Um dos mais potentes exemplos deste recurso está na cena em que Paulo Honório, após grande insistência, finalmente consegue conquistar Madalena. Um plano de conjunto enquadra o casal discutindo os termos do casamento, ao qual Madalena é extremamente resistente. Após um ultimato de Paulo Honório se dá um corte para o close-up de seu rosto forte e decidido e, em seguida, um novo corte ao rosto titubeante – quase amedrontado – de Madalena. Nesta sucessão de planos é sintetizado com grande potência o domínio de Paulo Honório sobre aquela que, à partir daí, se torna sua esposa. O corte aqui apresenta sua potência máxima: uma imagem ganha uma infinidade de significados.

Os planos estáticos refletem a imutabilidade de São Bernardo. Dentro da propriedade, tudo se passa com dureza e determinação. É simbólico notar que há apenas dois planos em que a câmera se movimenta em todo o filme: o primeiro, quando Paulo conhece Madalena e acompanha a menina e sua tia para um pequeno hotel onde estão hospedadas – pois na vida de Madalena livre de São Bernardo, existe ainda a possibilidade da mudança e do movimento. O segundo se dá numa discussão política na mesa de jantar quando a câmera, que de início privilegia a ala defensora de ideais conservadores (padre, banqueiro e o próprio fazendeiro), move-se suavemente para o lado, reenquadrando o exato mesmo quadro anterior, mas de maneira simetricamente oposta, privilegiando agora a ala “comunista”, da qual Madalena faz parte. Pela primeira vez, em toda a narrativa do filme, o interesse de Paulo se voltou à sua esposa e compreendemos isso surpreendidos por este único movimento de mudança de ponto de vista. Leon sintetiza a transição mental de Paulo Honório que, incapaz de submeter a esposa às suas ideias, desenvolve um ciúme obsessivo. Basta, portanto, um tímido movimento de câmera para que toda a complexa psicologia desta cena se revele de maneira estrondosa.

Conta-se, dentre os causos que envolvem a produção, que a opção estética de Hirzsman para este filme decorreu em muito por uma questão de produção: sem dinheiro nem alternativa, contavam com uma quantidade limitada de rolos de película, o que obrigou a equipe a privilegiar planos-sequência sintéticos e evitar movimentos que pudessem comprometer os planos gravados. Acaso ou planejamento minucioso, o que de fato nos importa é o resultado estético e imagético impresso na película.

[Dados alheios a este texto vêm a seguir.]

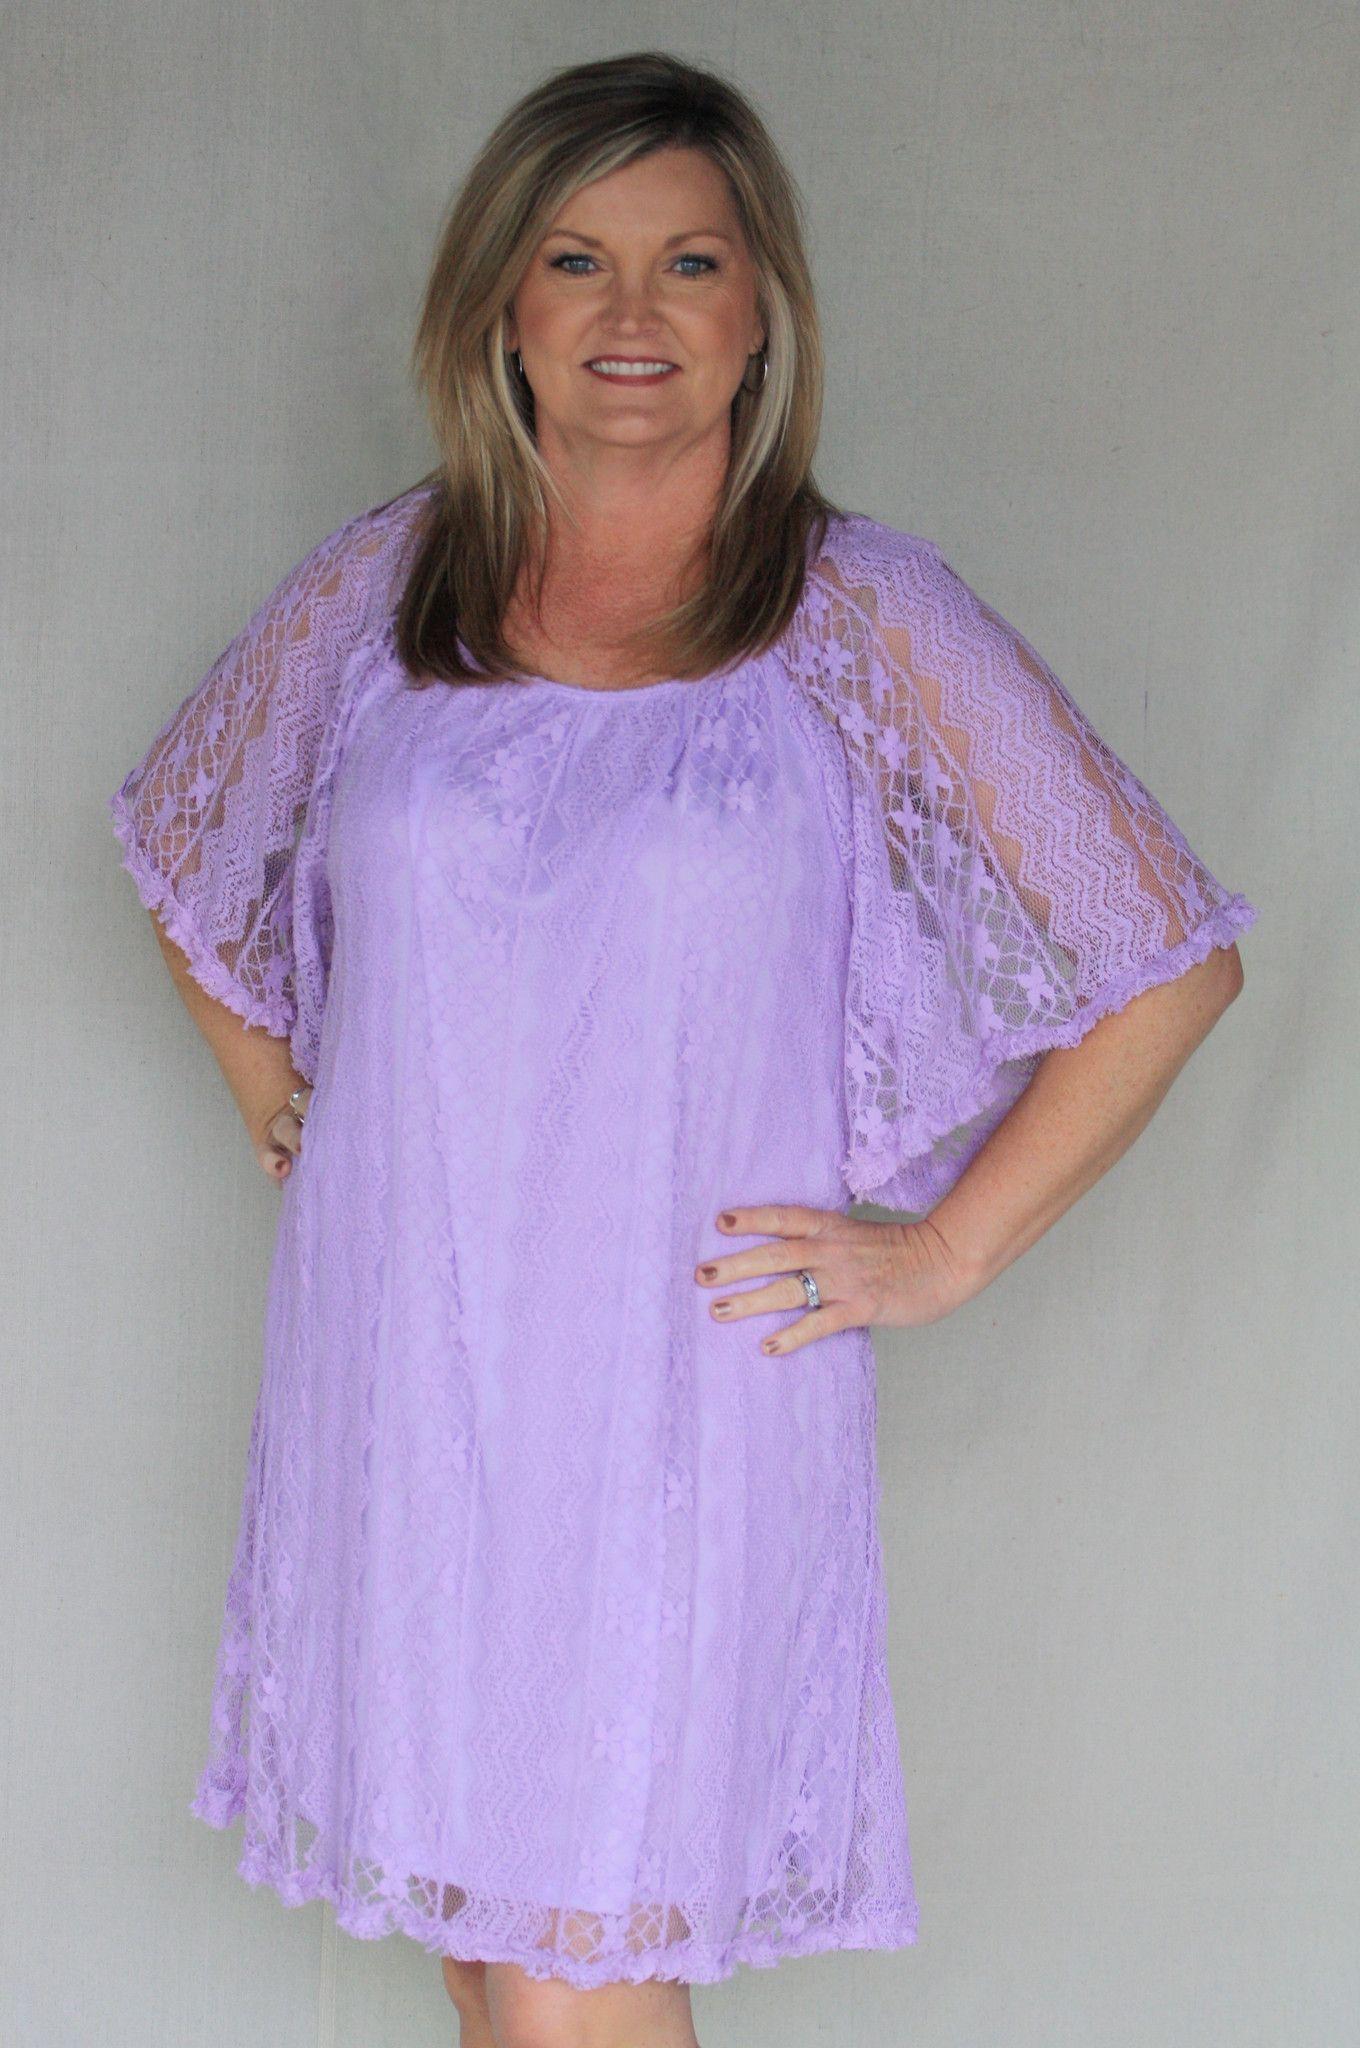 Second marriage wedding dresses plus size  Lavender Dreams Dress CURVY  Products  Pinterest  Dream dress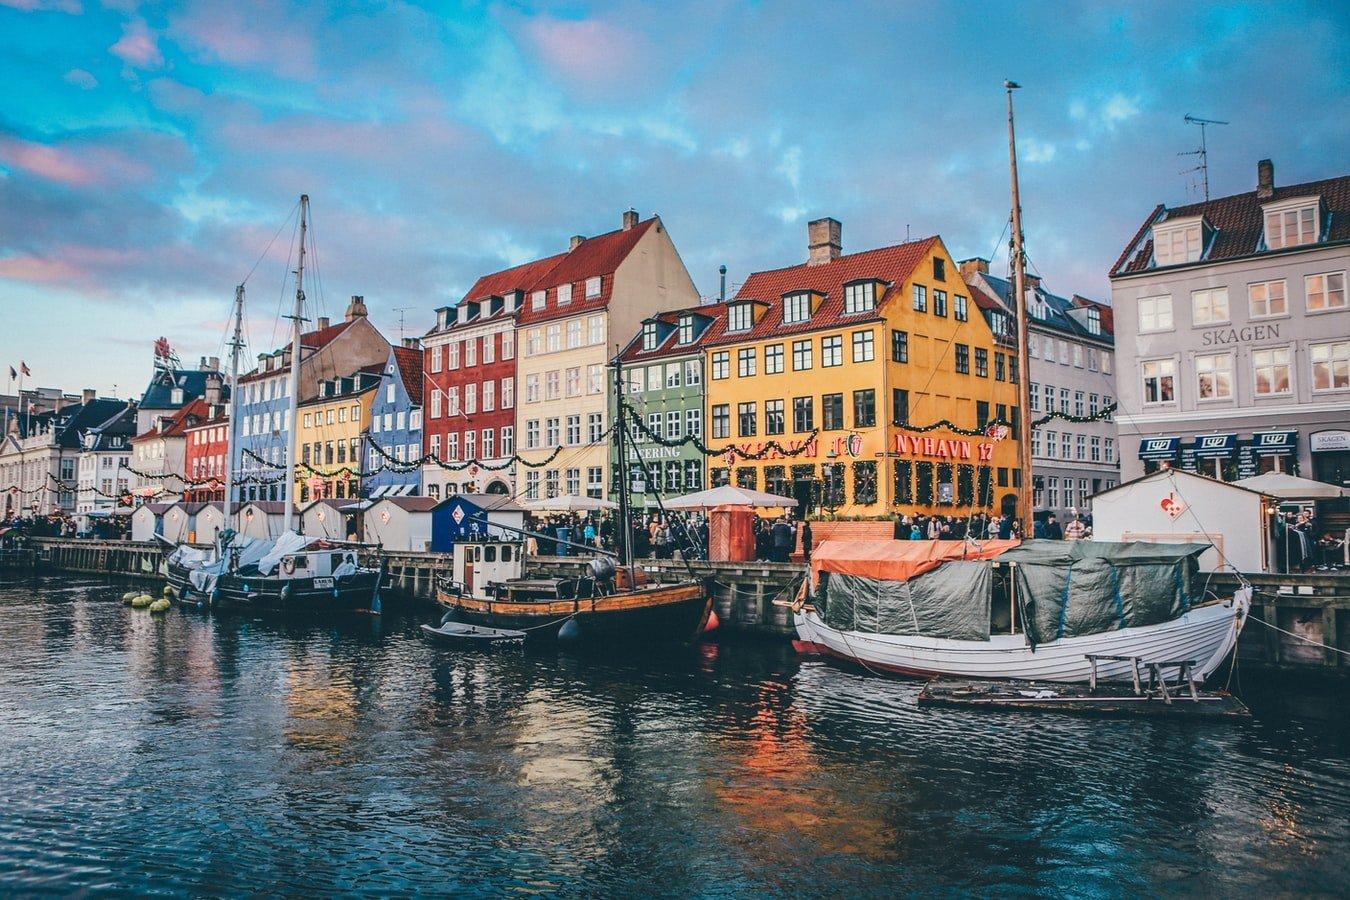 Nyhavn in Kopenhagen Dänemark

Neste sentido, São Bernardo, por meio de seus planos bem arquitetados, configura-se em uma obra que sintetiza de maneira extremamente bem realizada a relação entre o plano e a montagem. Utilizando-se de uma linguagem enxuta e concisa, aponta na direção de um cinema comprometido com a concepção estética precisa e o potencial narrativo das imagens em si. Fundamenta um cinema ousado em que cada plano, cada quadro, compõem-se como se fossem a única imagem possível.